Richards realized that nearly every momentous celebration in life has food associated with it: from birthday cakes, graduation cupcakes and everything in between. She felt as though there was something incredibly sad about accomplishing something, and not being able to fully participate in the celebration. “Food is in all celebrations. If you eat gluten free, that takes away so much for people.” Knowing this feeling better than anyone, Richards decided there was a simple solution to this growing problem for gluten intolerant people.

“Living in Ethiopia taught me that we (as Americans) can be living much simpler,” Richards says. She hopes to bring that very attitude into her baking and her new business.

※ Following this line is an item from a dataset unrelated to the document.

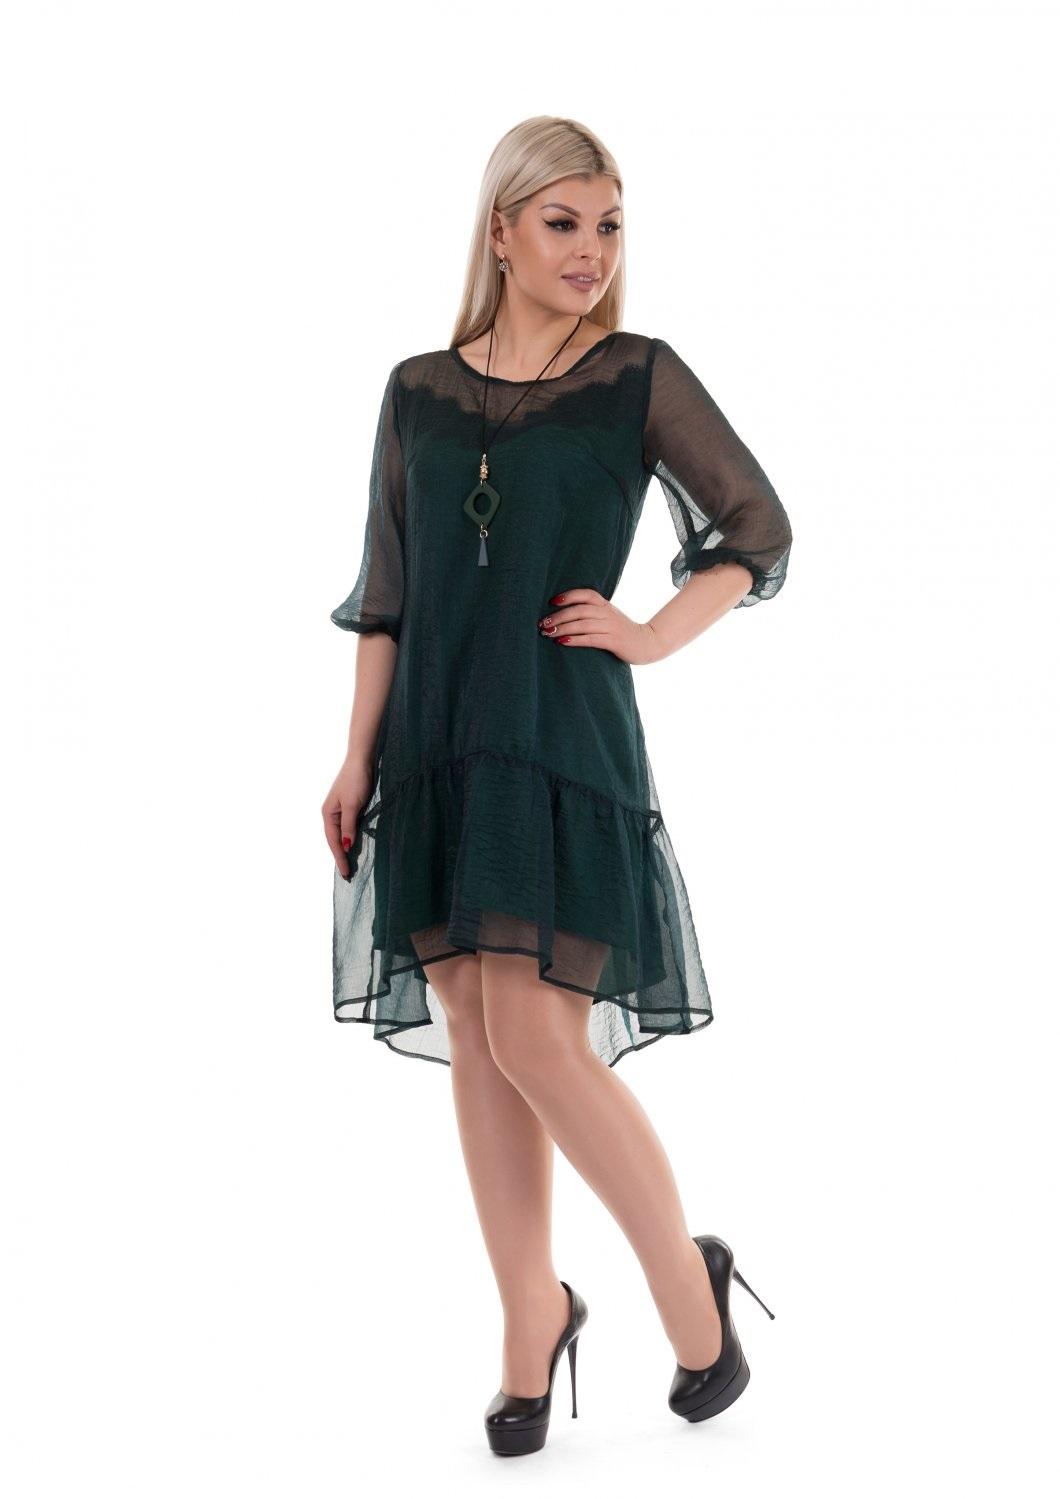 Изображение товара Guka Jalie Платье Женское

She also hopes to local-source as much as possible, and buy only Michigan or USA made ingredients. Her long-term vision for the bakery is to have purely baked goods products for a while as she and her husband get the business up and running and adjust to life in Glen Arbor, and then eventually serve lunches that draw on her inspiration from foods derived from other countries, such as Ethiopia.

But at the end of the day, Richards truly wishes her business to be the beacon of light in the Glen Arbor community for those who want to eat gluten free for any number of reasons. “My goal is to help people celebrate again. That’s what I’m doing this for.”